After any new interacting drug is started or a dose of an existing one is changed, recheck TSH in 6-8 weeks. In pregnancy, every 4 weeks in the first half of pregnancy. On stable therapy with no medication changes, annual TSH monitoring is standard for most women, with free T3 checked if symptoms recur.

References

  1. Hoang TD, Olsen CH, Mai VQ, Clyde PW, Shakir MK. Desiccated thyroid extract compared with levothyroxine in the treatment of hypothyroidism: a randomized, double-blind, crossover study. J Clin Endocrinol Metab. 2013;98(5):1982-1990.
  2. Singh N, Singh PN, Hershman JM. Effect of calcium carbonate on the absorption of levothyroxine. Arch Intern Med. 2000;160(6):745-748.
  3. Campbell NR, Hasinoff BB, Stalts H, Rao B, Wong NC. Ferrous sulfate reduces thyroxine efficacy in patients with hypothyroidism. Ann Intern Med. 1992;117(12):1010-1013.
  4. Liwanpo L, Hershman JM. Conditions and drugs interfering with thyroxine absorption. Best Pract Res Clin Endocrinol Metab. 2009;23(6):781-792.
  5. Bell DS, Ovalle F. Use of soy protein supplement and resultant need for increased dose of levothyroxine. Endocr Pract. 2001;7(3):193-194.
  6. Arafah BM. Increased need for thyroxine in women with hypothyroidism during estrogen therapy. N Engl J Med. 2001;344(23):1743-1749.
  7. Bogazzi F, Bartalena L, Martino E. Approach to the patient with amiodarone-induced thyrotoxicosis. J Clin Endocrinol Metab. 2010;95(6):2529-2535.
  8. Kirov G, Tredget J, John R, Owen MJ, Lazarus JH. A longitudinal study of thyroid function in lithium treated patients.
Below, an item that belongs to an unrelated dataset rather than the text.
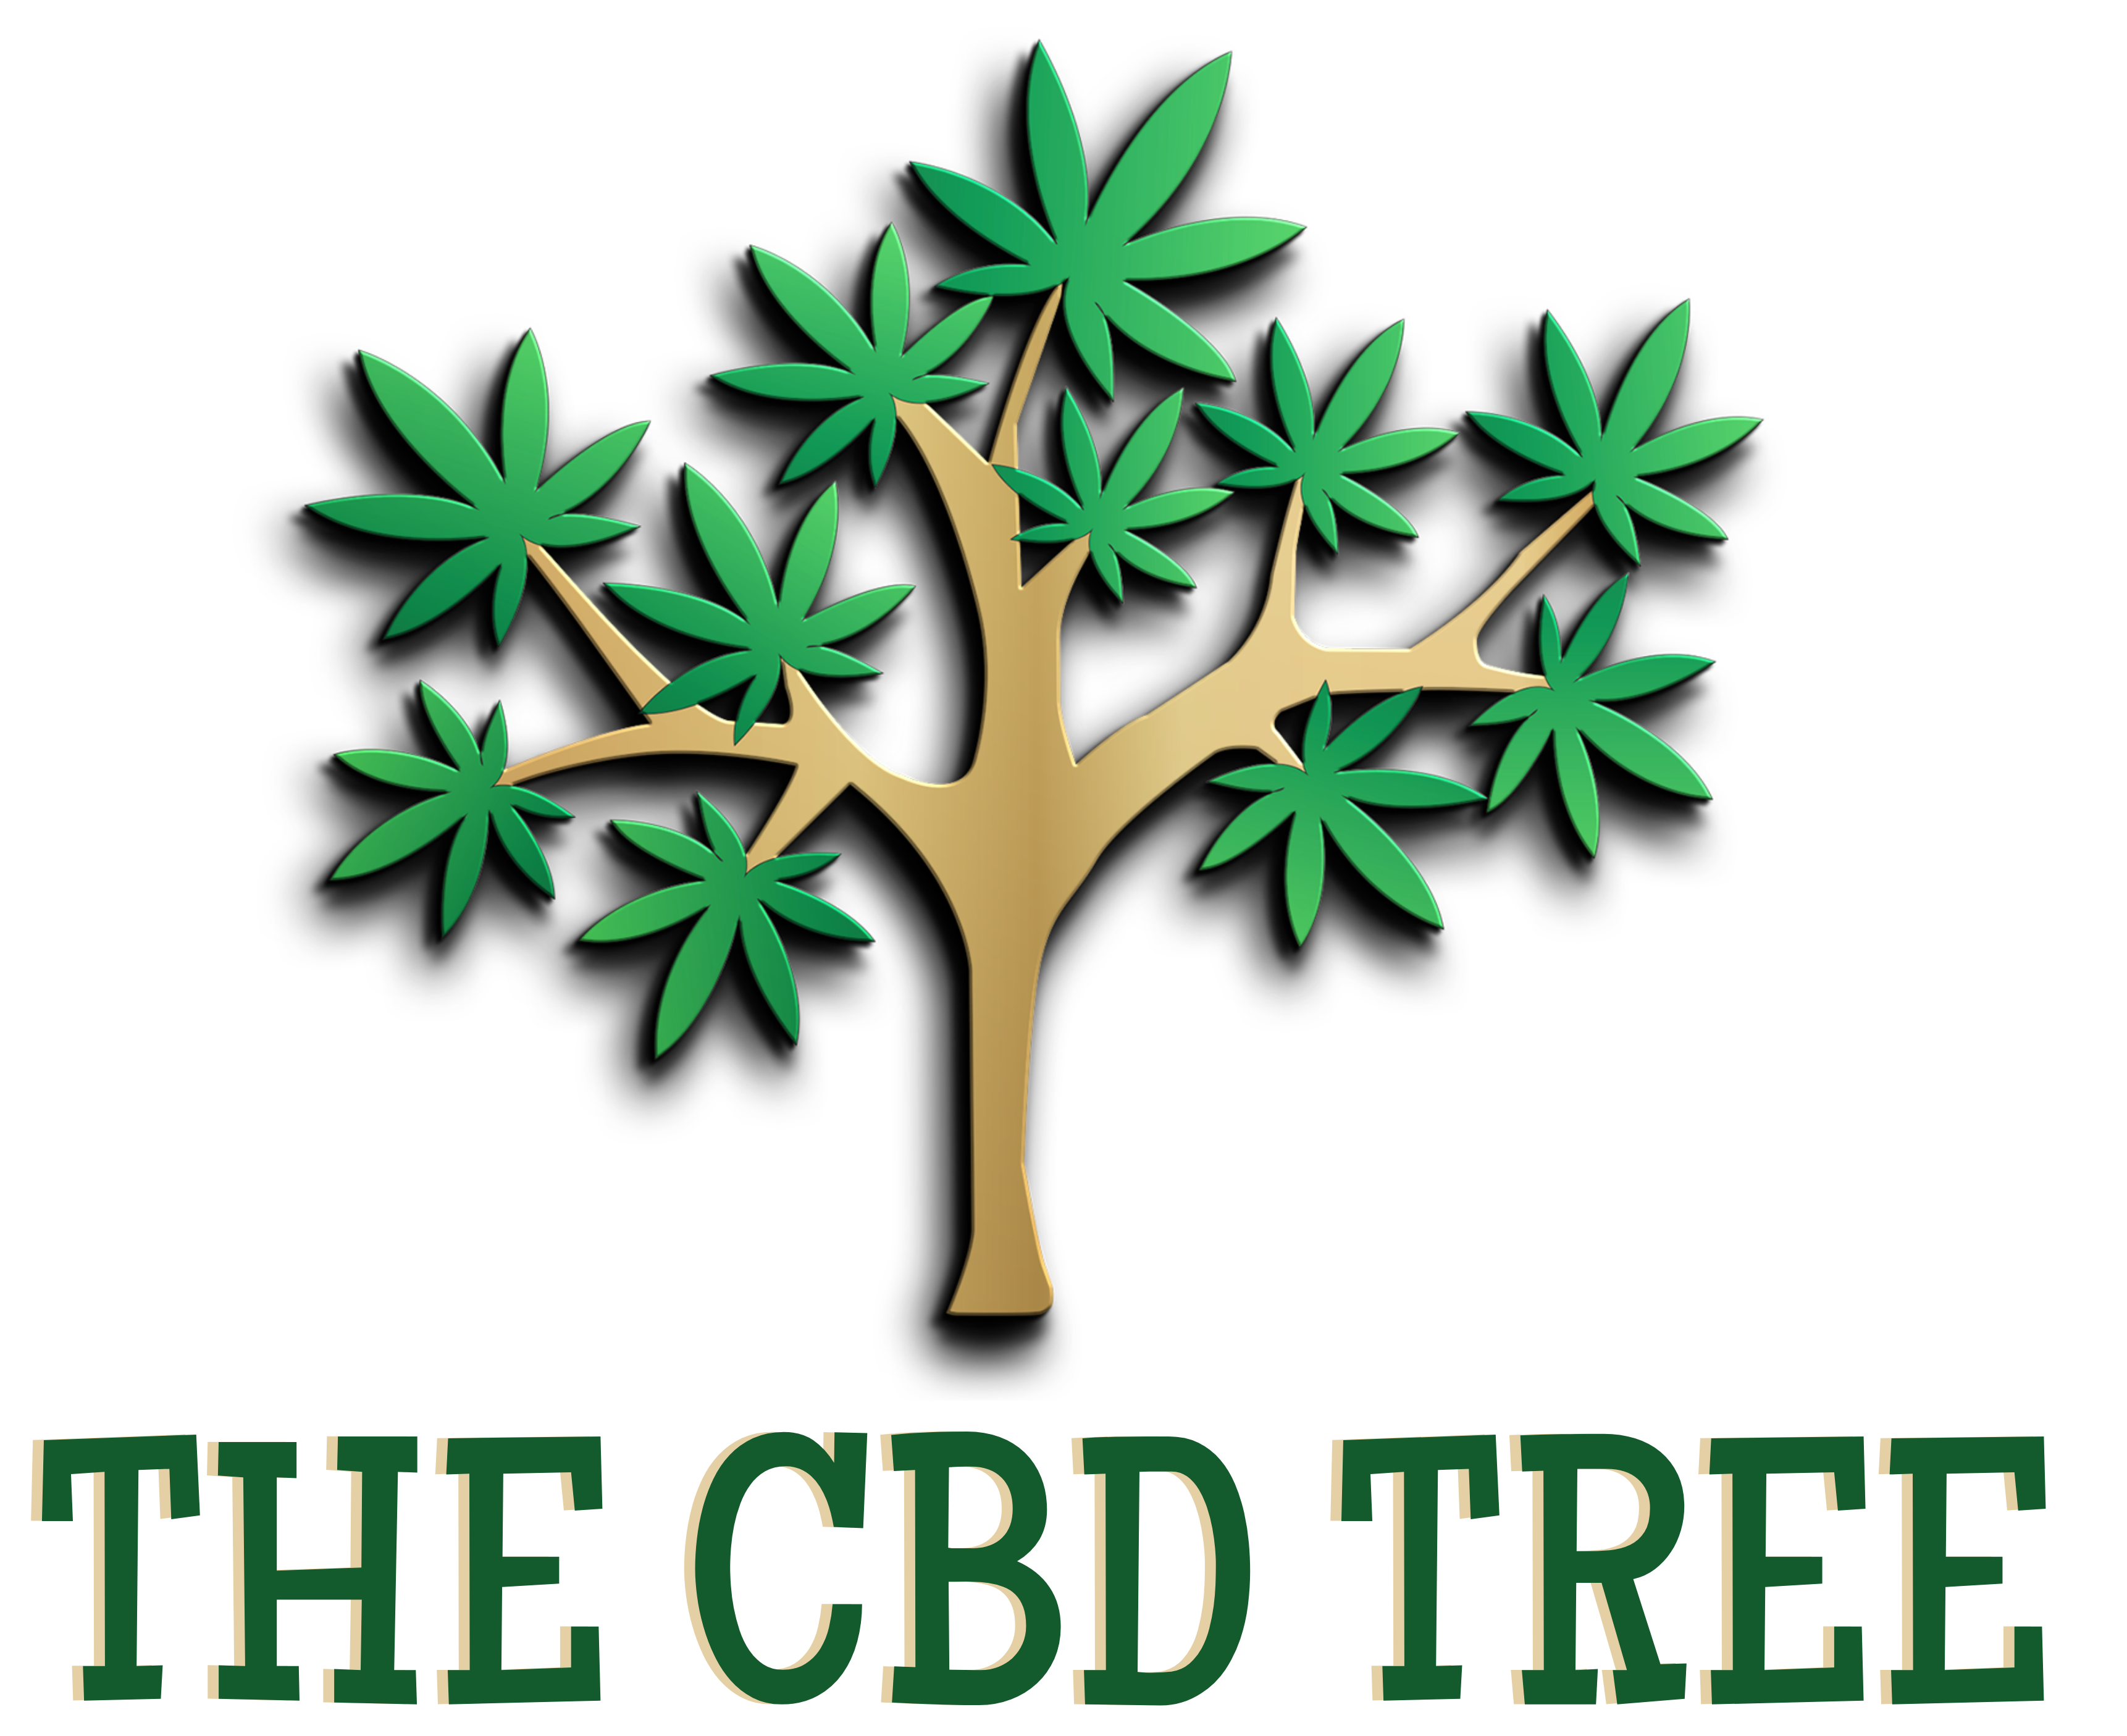 THE CBD TREE

J Affect Disord. 2016;207:99-103.
  9. Samuels MH, Schuff KG, Carlson NE, Carello P, Janowsky JS. Health status, psychological symptoms, mood, and cognition in L-thyroxine-treated hypothyroid subjects. Thyroid. 2007;17(3):249-258.
  10. Isidro ML, Jorge S. Metformin-associated with a decrease in serum TSH in primary hypothyroidism patients. Endocrine. 2006;29(1):133-136.
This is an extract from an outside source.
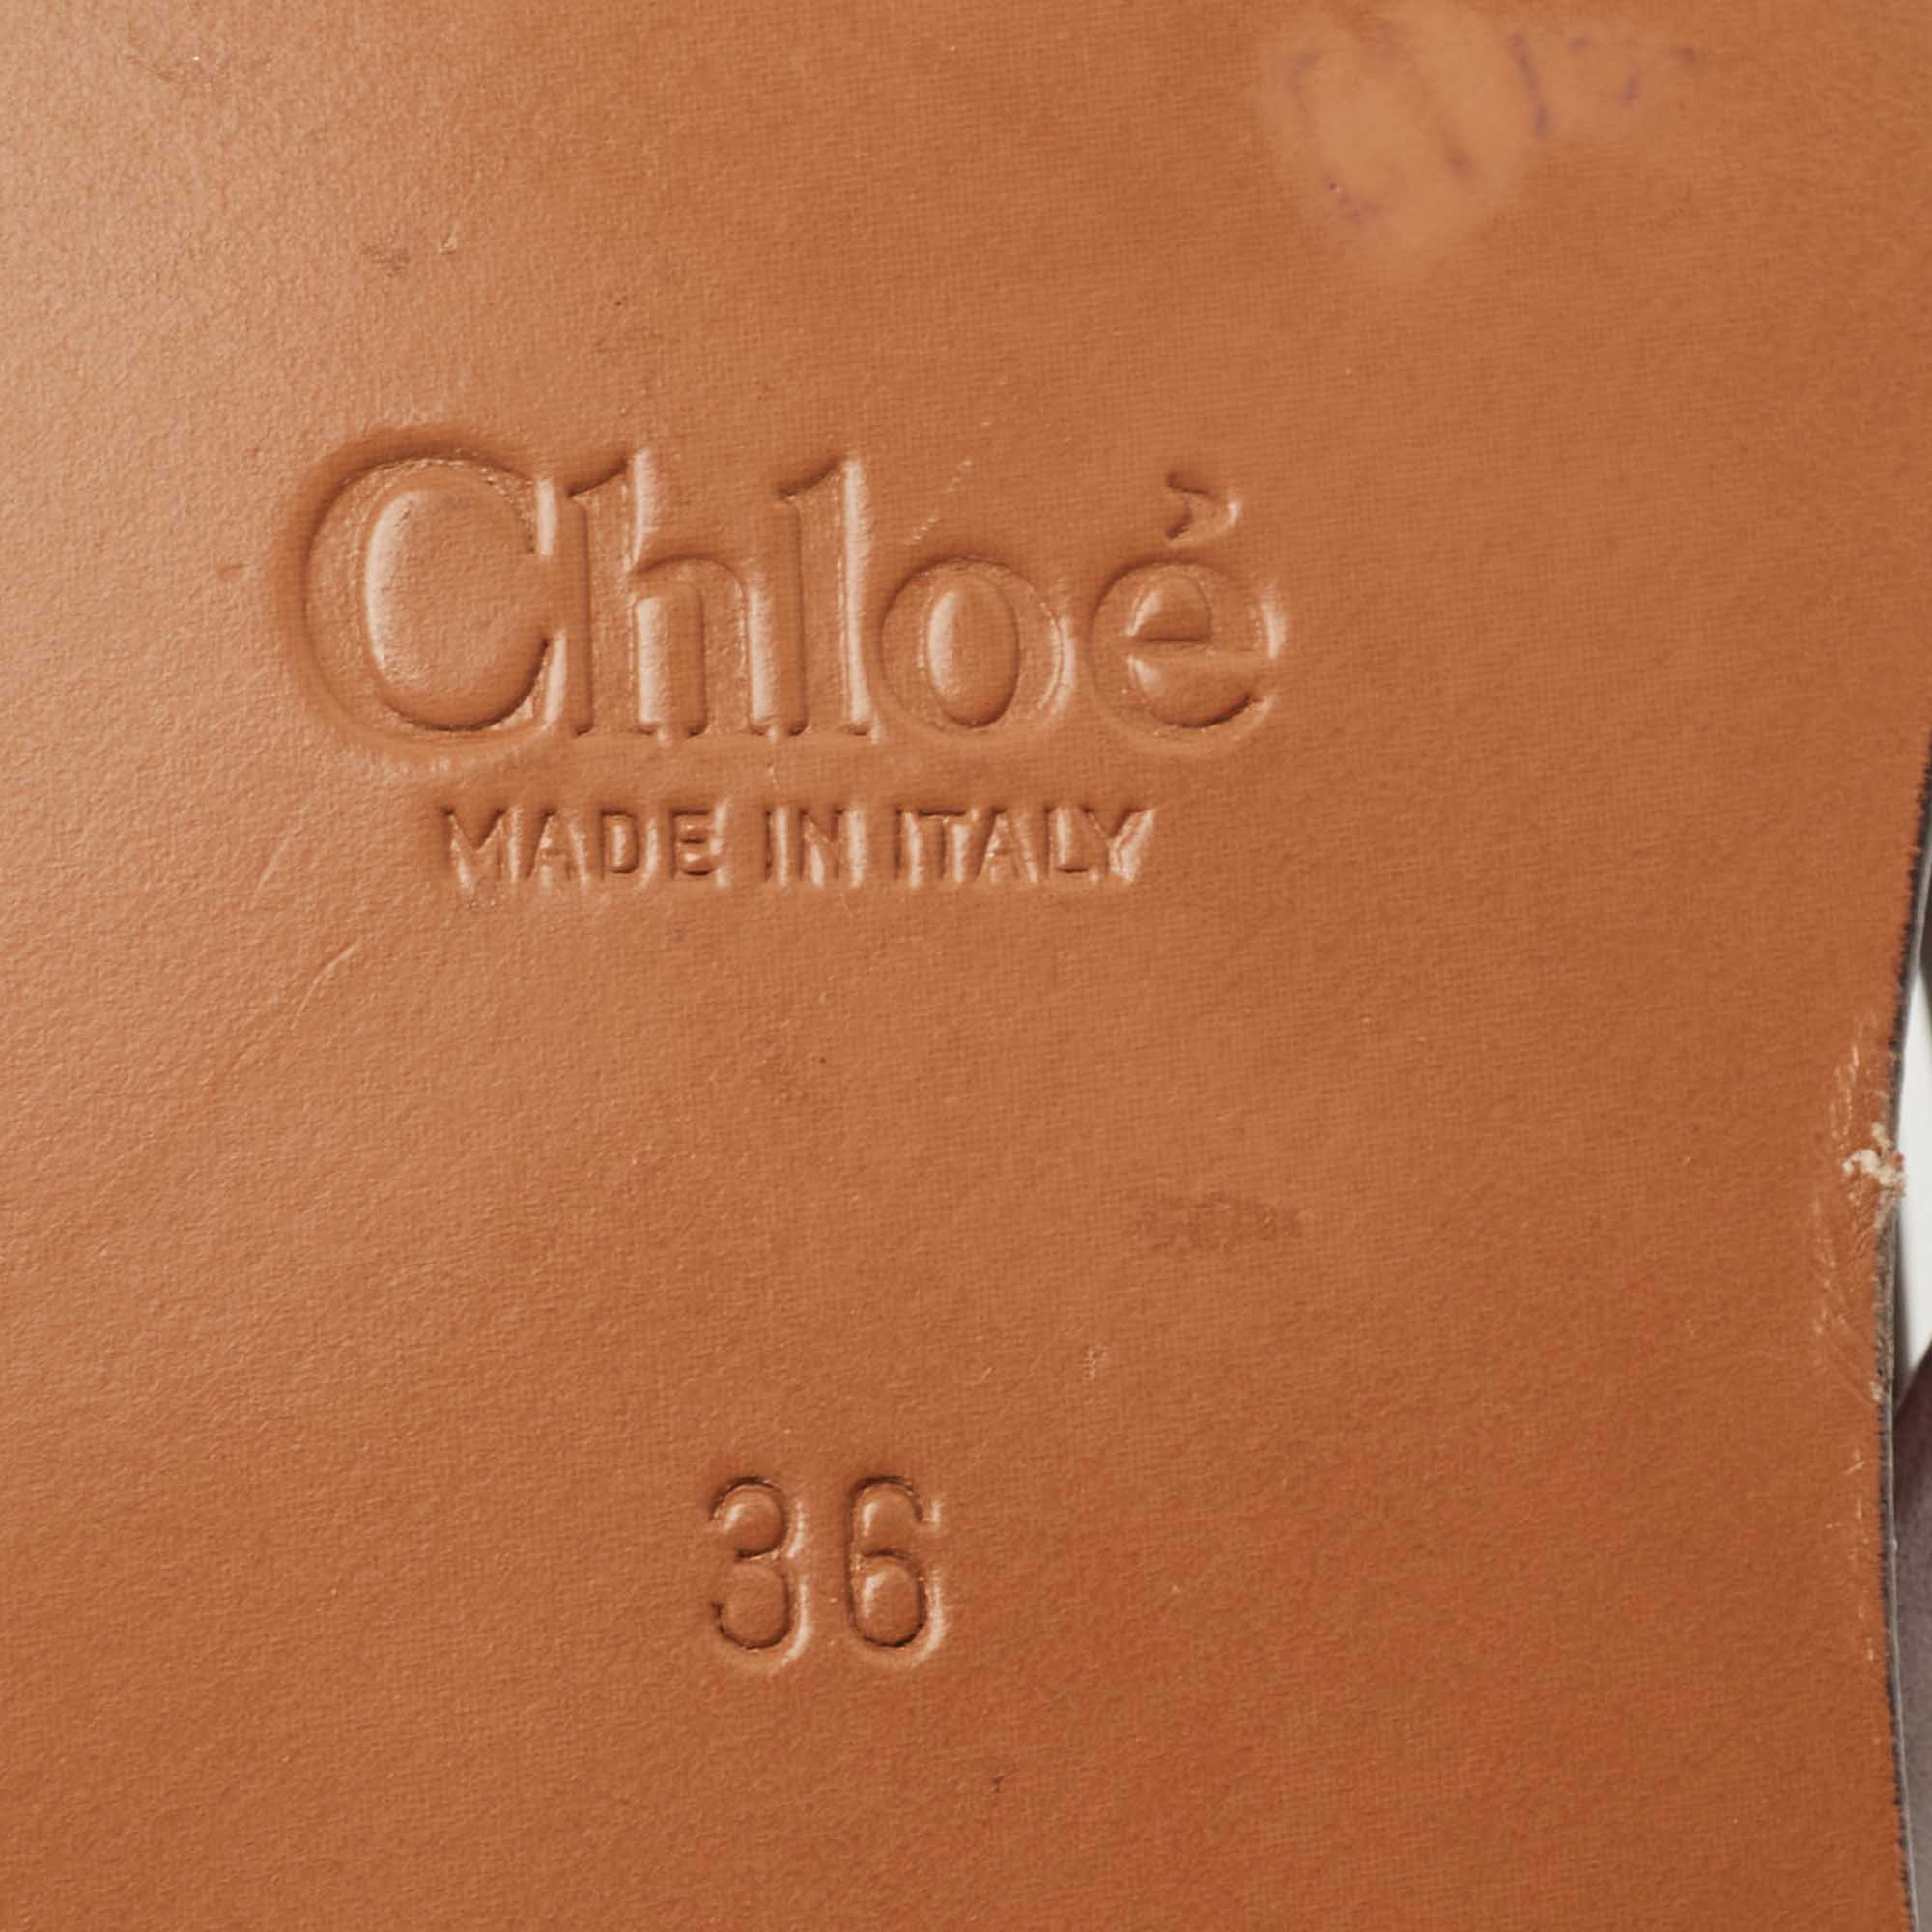 Chloe Burgundy Leather Rony Criss Cross Flat Slides Size 36

  11. Alexander EK, Pearce EN, Brent GA, et al. 2017 Guidelines of the American Thyroid Association for the Diagnosis and Management of Thyroid Disease During Pregnancy and the Postpartum. Thyroid. 2017;27(3):315-389.
  12. NIH LactMed Database. Thyroid hormones. National Library of Medicine.
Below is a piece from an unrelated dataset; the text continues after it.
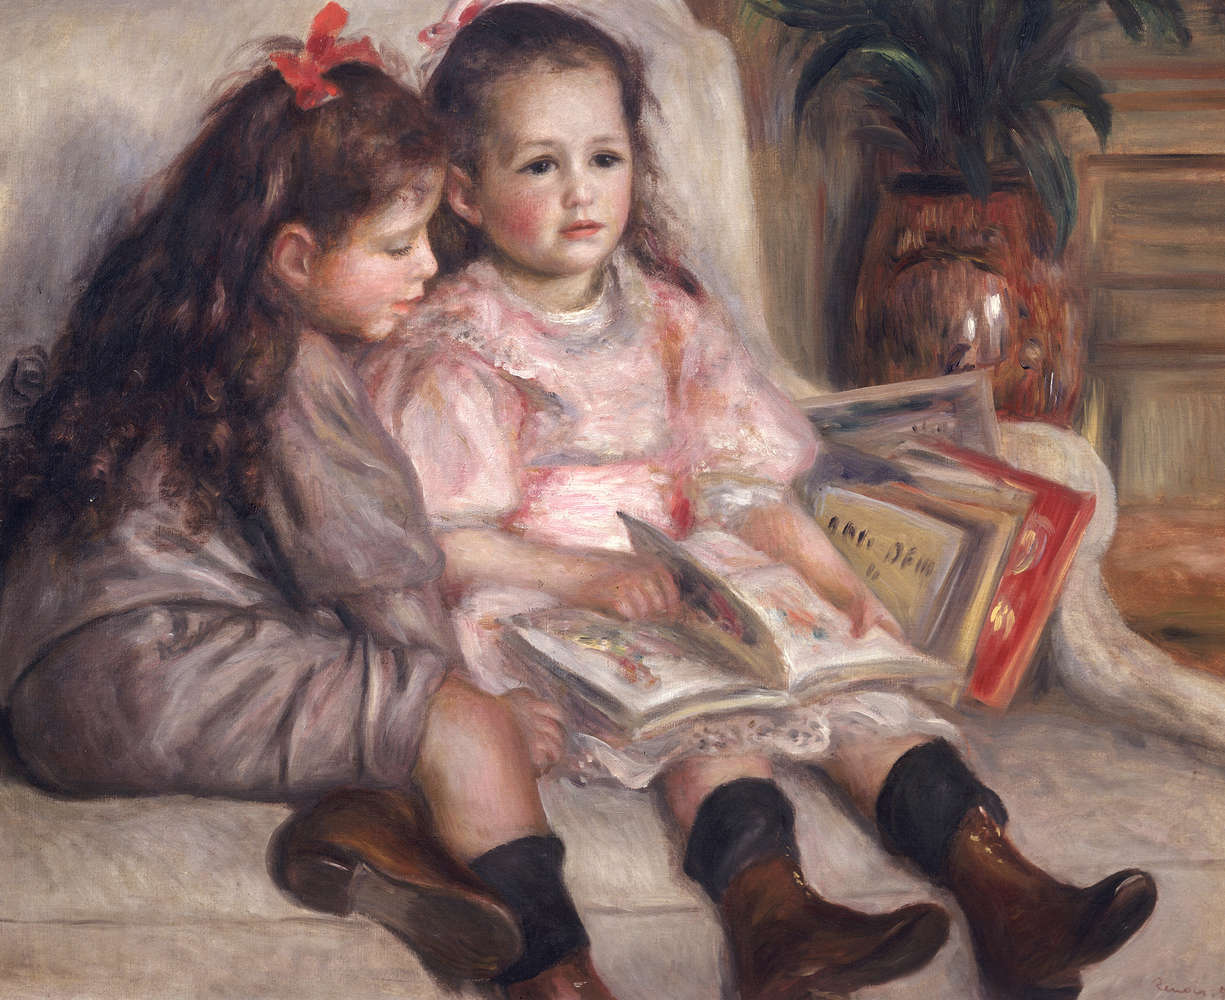             Photo wallpaper "Portraits of children" by Pierre Auguste Renoir

  13. Practice Committee of the American Society for Reproductive Medicine. Subclinical hypothyroidism in the infertility patient. Fertil Steril. 2021;116(4):1.
  14. FDA Center for Drug Evaluation and Research. Thyroid USP prescribing information. U.S. Food and Drug Administration.
  15. American College of Obstetricians and Gynecologists. Thyroid disease in pregnancy. ACOG Practice Bulletin.